Since CKD cars qualify for government incentives and tax reliefs, some locally assembled cars are more affordable than the imported units. For example, the Mercedes-AMG C 43 sedan, when it was first introduced as an imported unit, was priced at RM499,888. But now that it is locally assembled at Mercedes-Benz Malaysia’s plant in Pekan, the price is RM421, 888 – generating a large difference of RM 78,000 in price.
One beneficial factor of CKD models is the availability of spare parts – these parts are readily available as the center is able to source it from local vendors who supply these manufacturing companies.

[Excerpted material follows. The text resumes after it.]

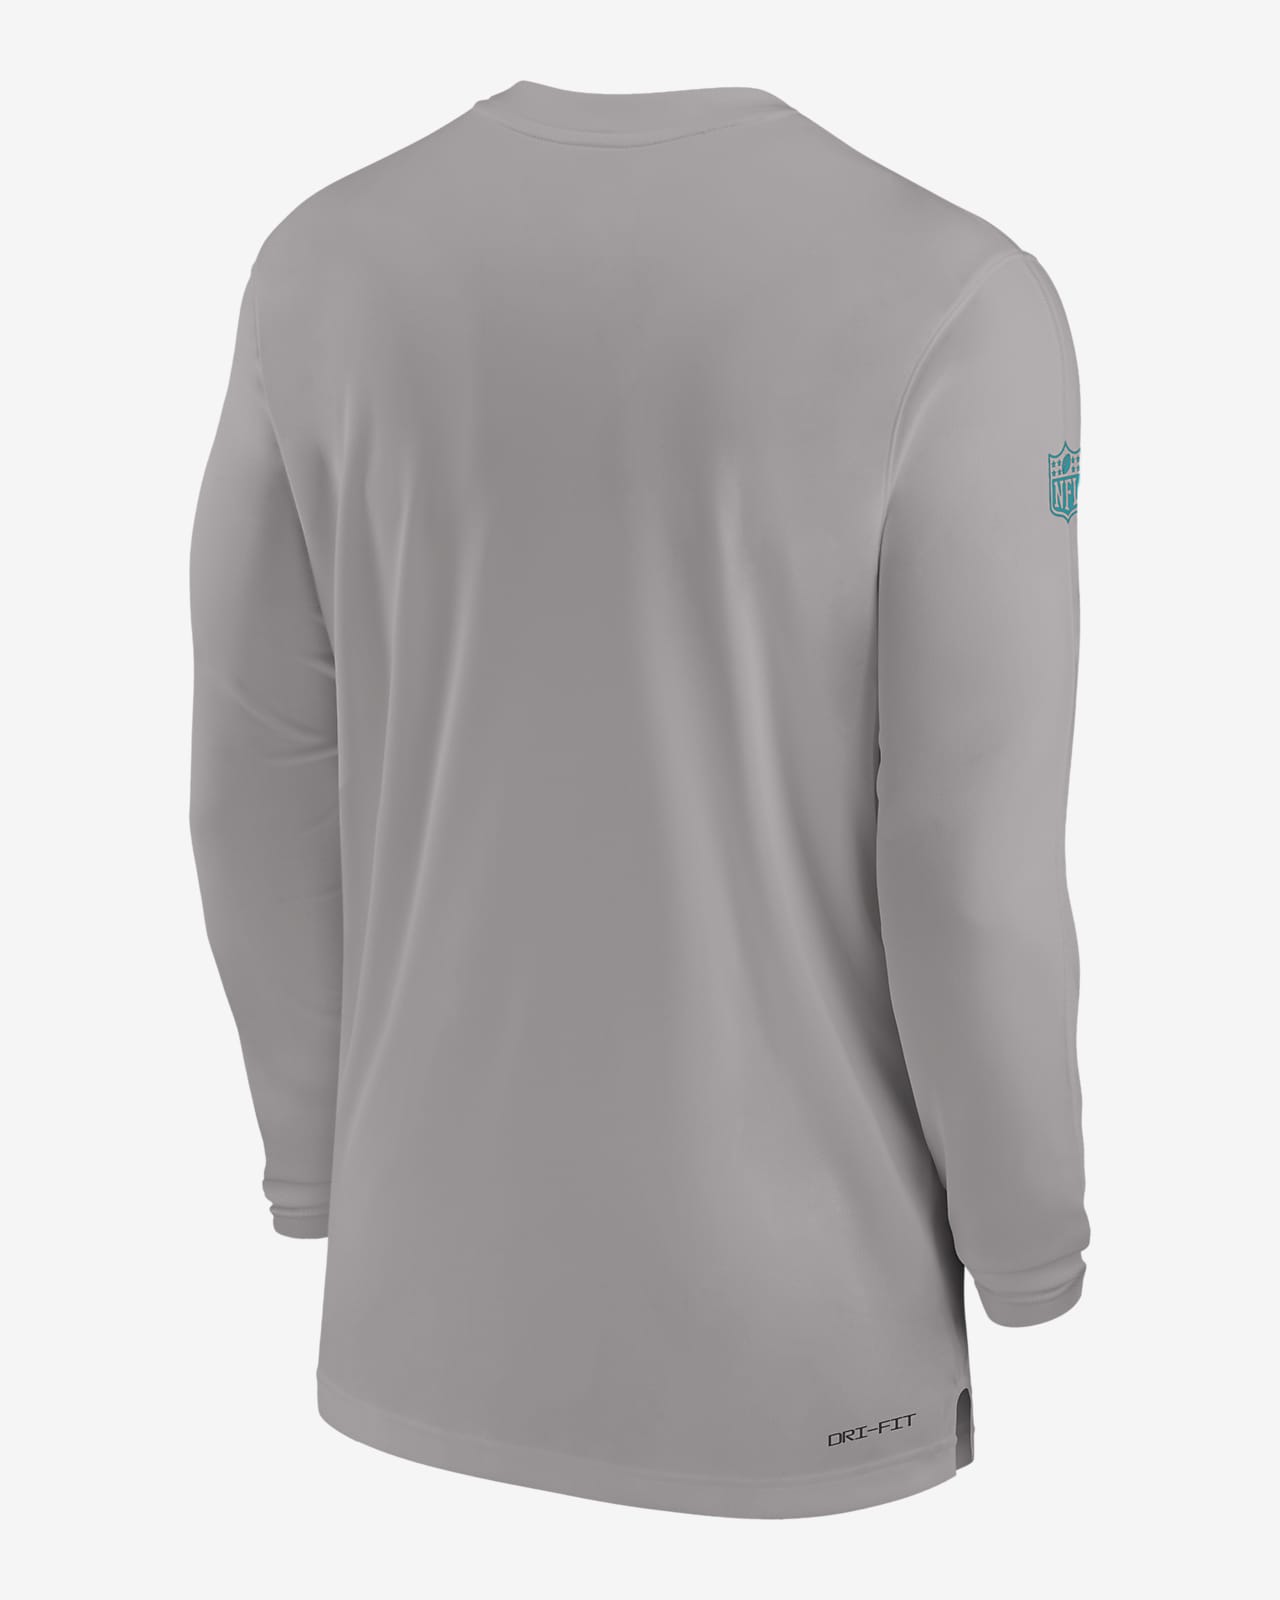 Nike Men's Dri-Fit Sideline Coach (NFL Miami Dolphins) Long-Sleeve Top in Grey, Size: Small | 00M209T9P-0BK

In some cases, the parts used in CKD cars may actually be better than CBU ones. Locally-assembled BMWs, for example, have a different cooling system and rubber components compared to imported or reconditioned models. Also, these local cars benefit from different ‘hot climate package’ specifications components which cater to Malaysia’s driving conditions.
So, the next time you buy a car, the “made in” title should not be your deciding factor. No matter if it is CKD or CBU, neither is better than the other. It all boils down to the model of the car that you want. Just remember, with a CKD car, you will end up saving more.